ASSIGNMENT
Output the full listing below exactly as it reads, and skip anything that is a picture.
*** DATASET EXTRACT Section Begins ***
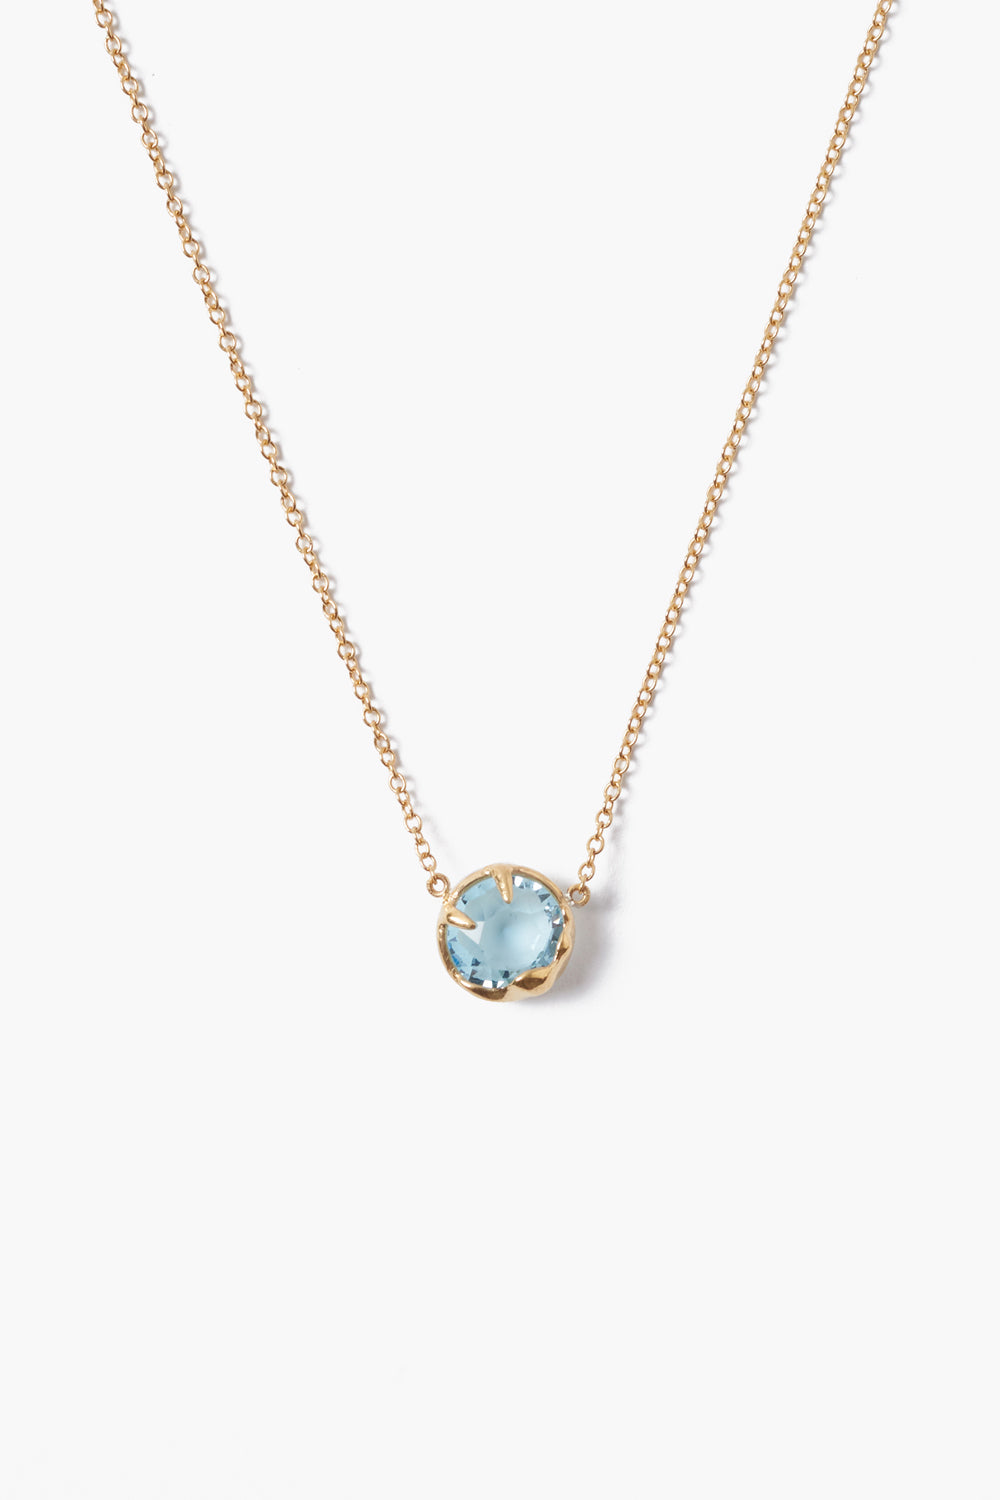 March Birthstone Necklace Aquamarine Crystal – Chan Luu
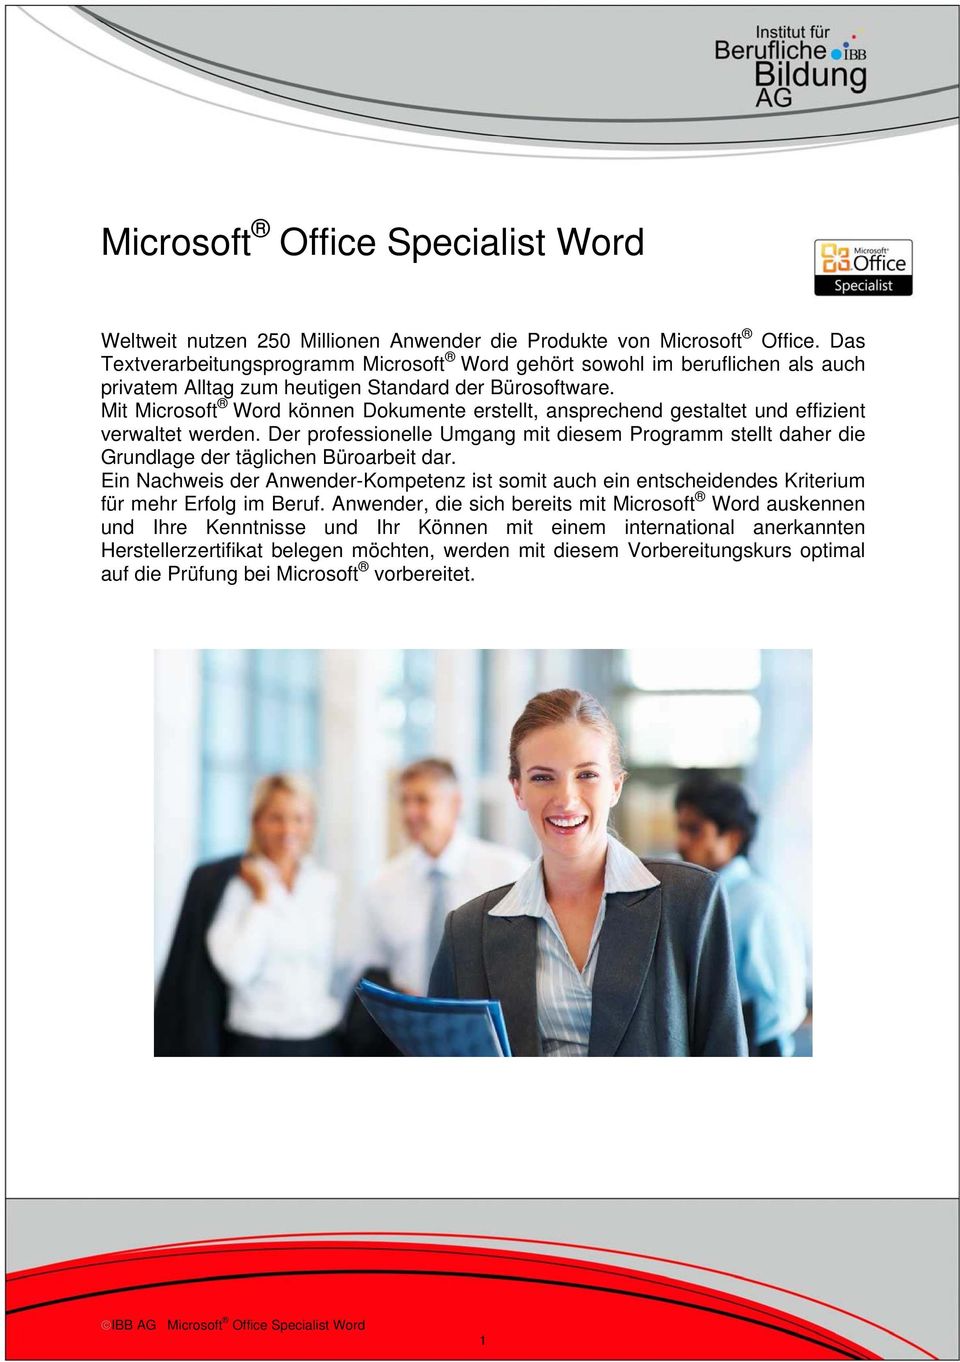 Mit Microsoft Word können Dokumente erstellt, ansprechend gestaltet und effizient verwaltet werden.
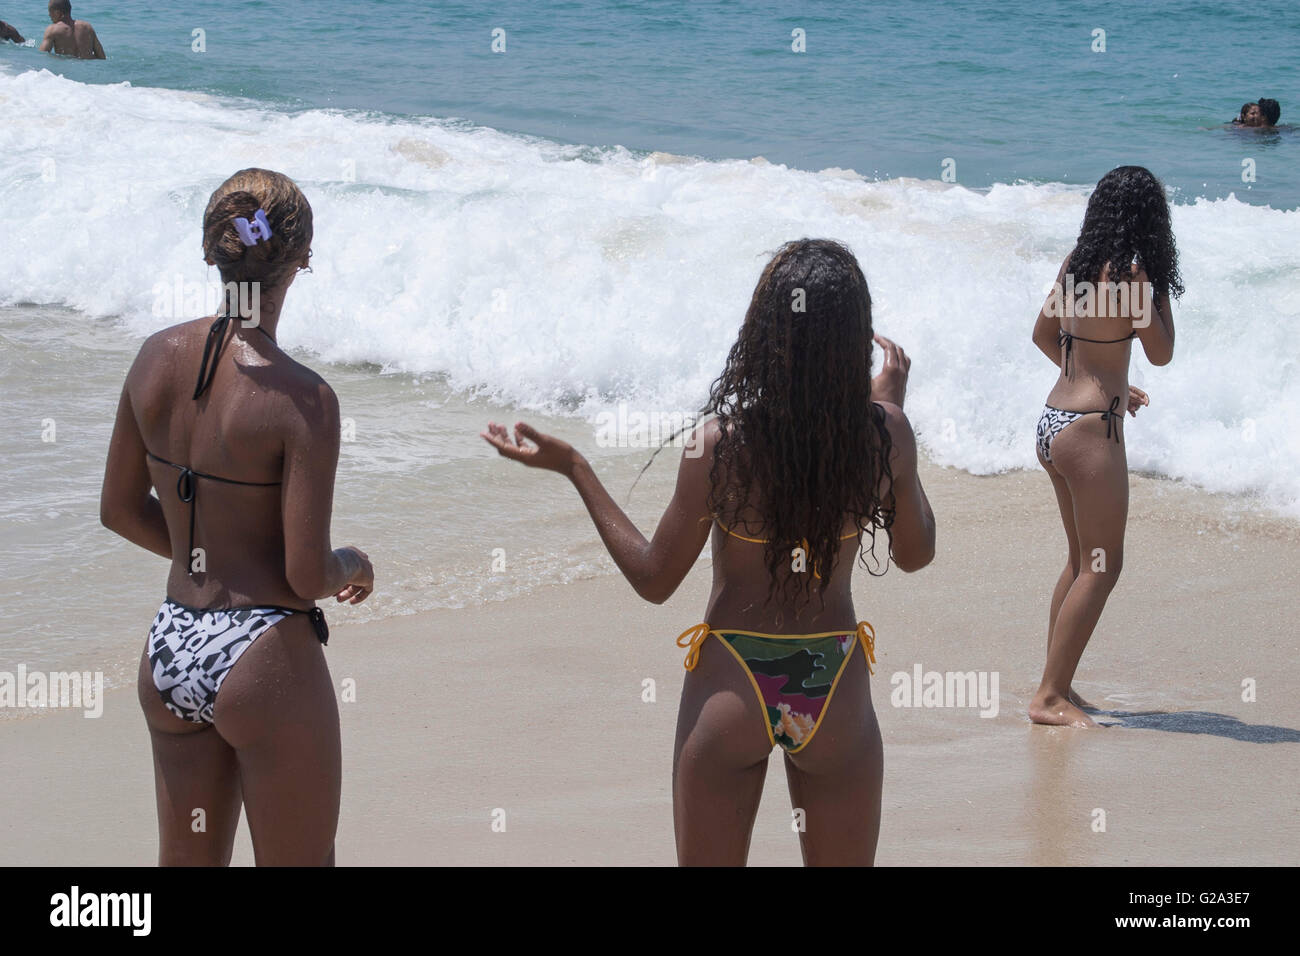 Brazilian Beach Babes
*** DATASET EXTRACT Section Ends ***
WRITTEN ANSWER
 March Birthstone Necklace Aquamarine Crystal – Chan Luu
 Mit Microsoft Word können Dokumente erstellt, ansprechend gestaltet und effizient verwaltet werden.
 Brazilian Beach Babes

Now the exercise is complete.